Star SU doesn’t sell off-the-shelf tools for regular or irregular surfaces. Instead, the company uses CAD software to design custom tools for specific applications. To start with, the company requests part prints from customers “so we have a theoretical idea of what we’re up against,” Dunneback said.

When it comes to irregular surfaces, curved ones are much more difficult for tool designers to deal with than inclined surfaces, said Gary McCarel, senior application engineer at Star SU. Designers can compensate for inclined surfaces by adjusting drill point angles to make sure the point engages with the part before the corner of the drill. This is important because the drill will deflect if the corner contacts the surface before the point is fully engaged. But this is harder to prevent when a surface is curved. Designers can’t always accurately predict the entry position of a drill in such cases, he explained.

Irregular drilling demystified
Without a spot, a flat-bottom drill can create accurate holes in curved surfaces. Image courtesy of Guhring

When entering an irregular surface like one that is curved or has a good deal of variance due to scale, a drill can “walk” because it is subjected to lateral forces, as well as the normal axial forces, said Brandon Hull, vice president of product management and business development at Guhring Inc., a tool manufacturer in Brookfield, Wisconsin. This can cause breakage, particularly if the drill is made of carbide, he said. Even in the best-case scenario, he said the result will be some deviation in hole position and diameter.

“Once that starts,” he said, “the deeper you go, the more pronounced it becomes.”

Hull said walking is less of a problem if the drill diameter is small compared with the diameter of the round part being drilled. This is especially true, he said, when the drill bit is stubby and has good centering characteristics like a split-point drill.
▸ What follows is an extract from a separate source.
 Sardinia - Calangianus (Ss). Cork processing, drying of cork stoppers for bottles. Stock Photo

Most high-performance drills have a split point, which features two additional edges ground into the chisel edge, he said.
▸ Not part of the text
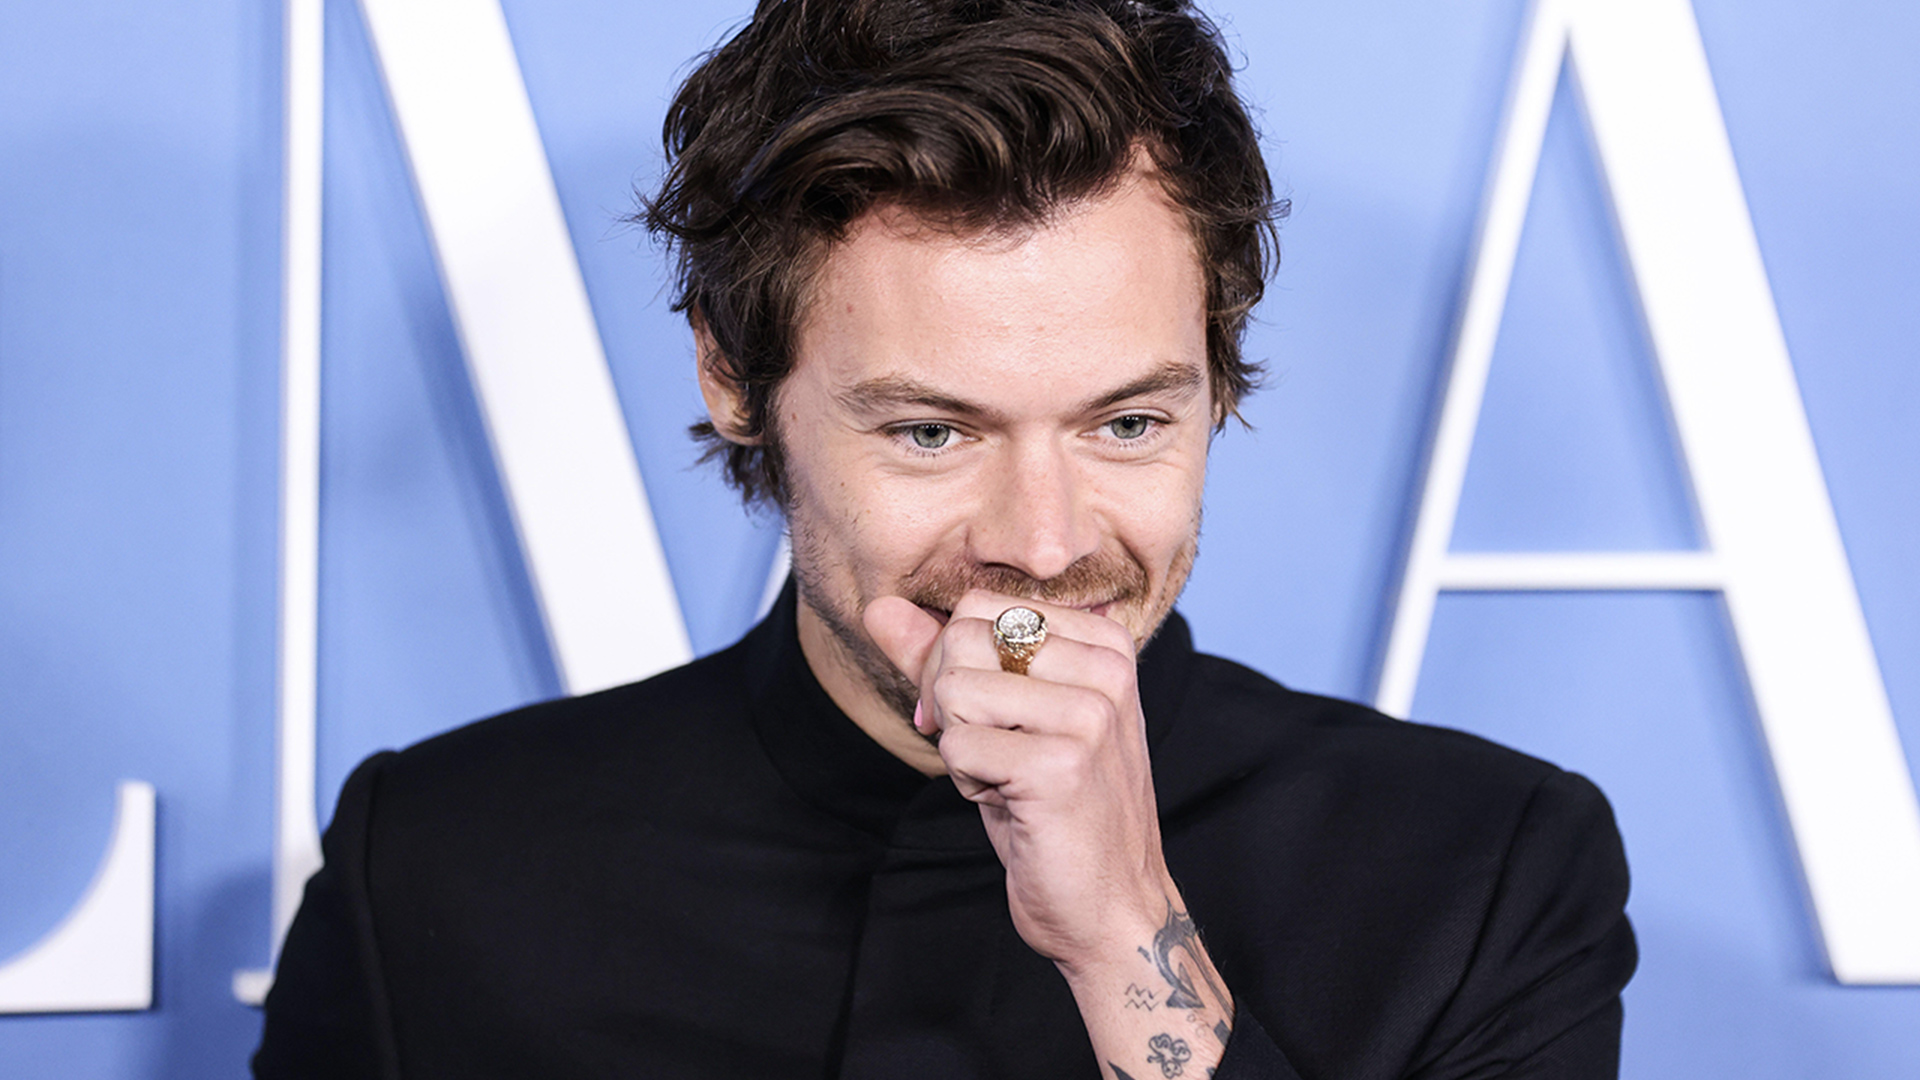 Harry Styles with his hand to his mouth in a fist, as if he's covering a cough with a blue background

Split-point drill bits can have four facets.

“Four-facet drill points center a little better than all the other drill points we have seen,” said Manfred Lenz, product manager for holemaking and tooling systems at Seco Tools LLC in Troy, Michigan.

Start With Spotting

If a drill is large compared with the diameter of the round part, the drill will walk more than it would if the drill diameter were smaller.

“This happens quickly,” Hull said, “and the drill can slip off to the side.”

In this case, he recommends the use of an NC spot drill, which produces an accurately located little hole that serves as the starting point for a secondary drilling operation. NC spot drills are stubby and offer good centering characteristics, he said.

However, Hull said a spot drill works only in situations in which the hole to be drilled is right down the center of a round part. For off-center holes in round parts, he said one option is to use an endmill to produce a round, flat starting point for a subsequent drill. The flat starting surface helps keep the forces on the drill vertical rather than lateral.

Beginning a drilling process with an endmill can serve another useful purpose. Scale that builds up on a cast-iron surface during the casting process is harder than the inner material and difficult to penetrate, McCarel said. An endmill, though, can break through that scale and also create a flat area suitable for drilling on a curved or an inclined surface.

On the downside, using a spot drill or an endmill to prepare the way for drilling of irregular surfaces adds both a tool and a tool change to the process. One result is additional cycle time that may be problematic in some manufacturing situations, Dunneback said.

Irregular drilling demystified
Featuring four facets, the new Feedmax MS drill point is suitable for aerospace applications in which centering is important. Image courtesy of Seco Tools

So instead, shops may want to consider a triple-margin drill, which has three margins per flute and a 30-degree helix.

“We have a great deal of success with it in diesel engines,” McCarel said. “It cuts very straight and very quick, and it’s strong enough that it doesn’t always require spotting on an irregular surface.”